Getting Clean in Japan
Etiquette
When you want to get clean after a long, crowded, sweaty day on the subway, you may retreat to your bathroom and jump into a deep Japanese bathtub and let the stress of the day drift away. Many westerners love a good soak, but like many things that are wonderfully different here in Japan, there is also a ‘Japanese’ way to bathe as well. This applies to at home, as well as for the etiquette in the big public baths, sentō, or in the onsens, which are like big public baths but they use natural hot spring water.

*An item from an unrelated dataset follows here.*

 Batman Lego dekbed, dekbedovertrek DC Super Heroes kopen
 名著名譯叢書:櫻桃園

Since taking photos in sentōs and onsens is forbidden, I will use in-home photos for illustration. First you will have three things: a little stool to sit on, a bucket, and a big cup with a long handle. You can collect extra water and lather up with the bucket water, and use cup to rinse off. All sentōs and onsens will have their walls lined with little partitioned stalls with all of these amenities for you to fist clean with.

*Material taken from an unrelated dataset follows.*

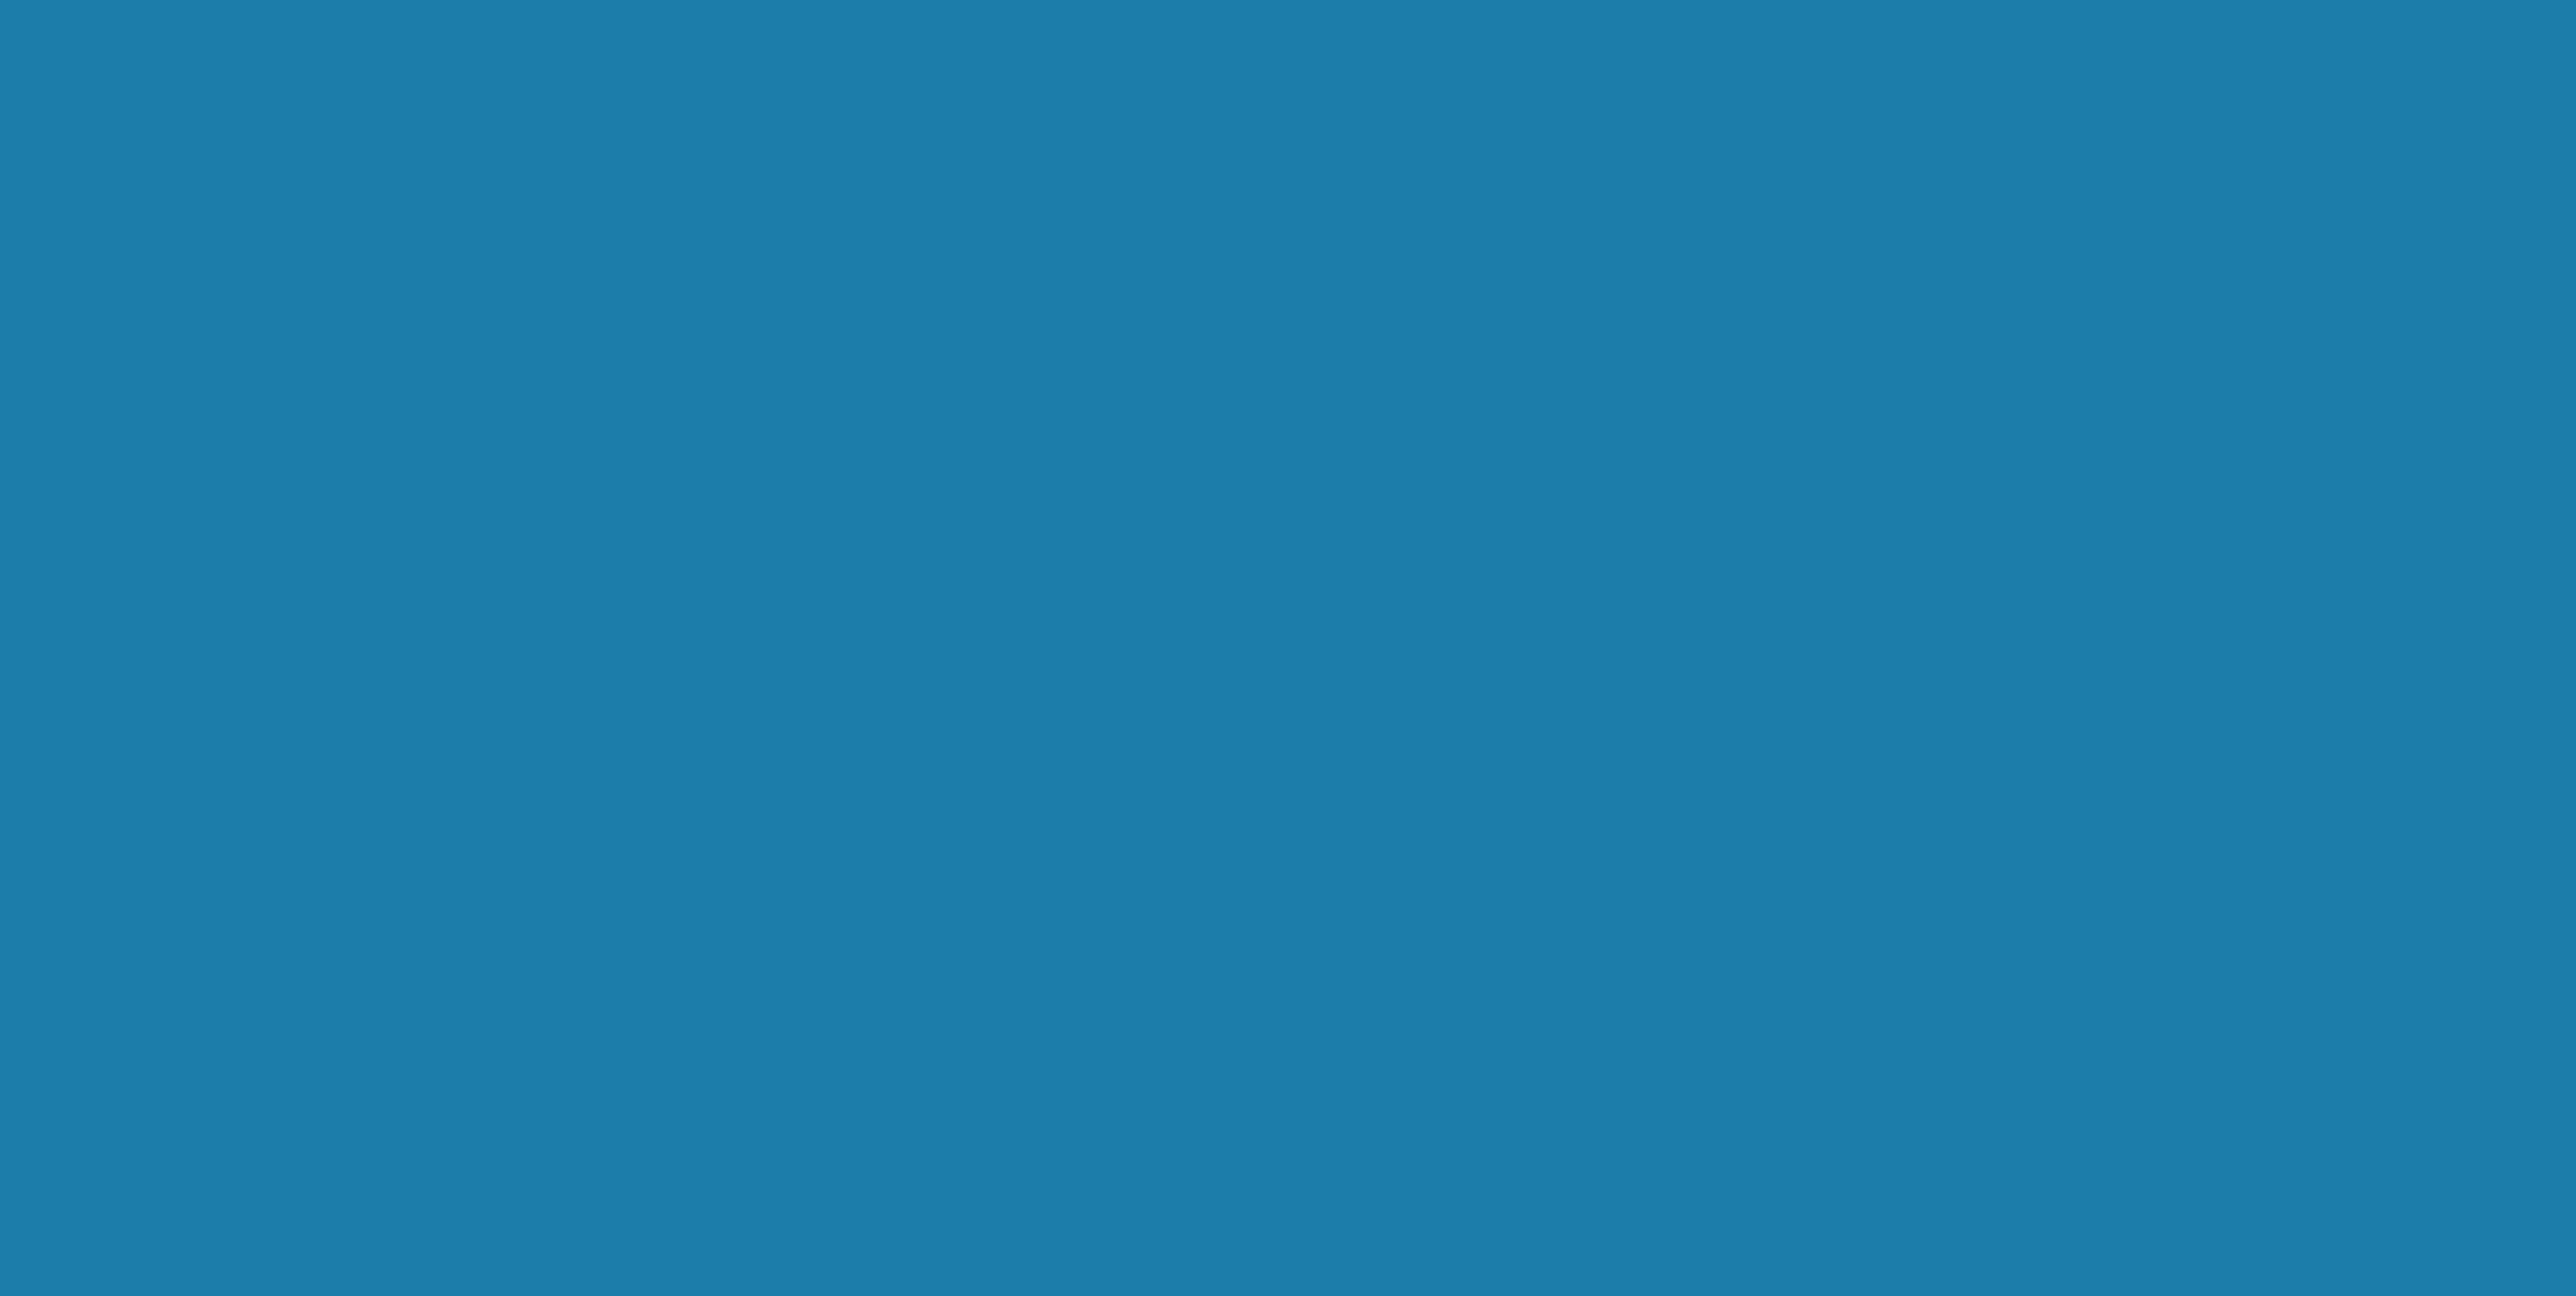 Azure Living Logo

*Pro Tip* It’s always polite to tuck the little stool, and bucket, and cup back in under the faucet as to be ready for the next person.
You always clean up before entering the water as to ‘keep the water clean.’ In the older days the bath water would be shared, one bath of water per family per night. The eldest always was first to enter the water as well; imagine where in line you would have been growing up. In the public bathing areas, the water continually overflows out as to keep that water clean and ready for the next one.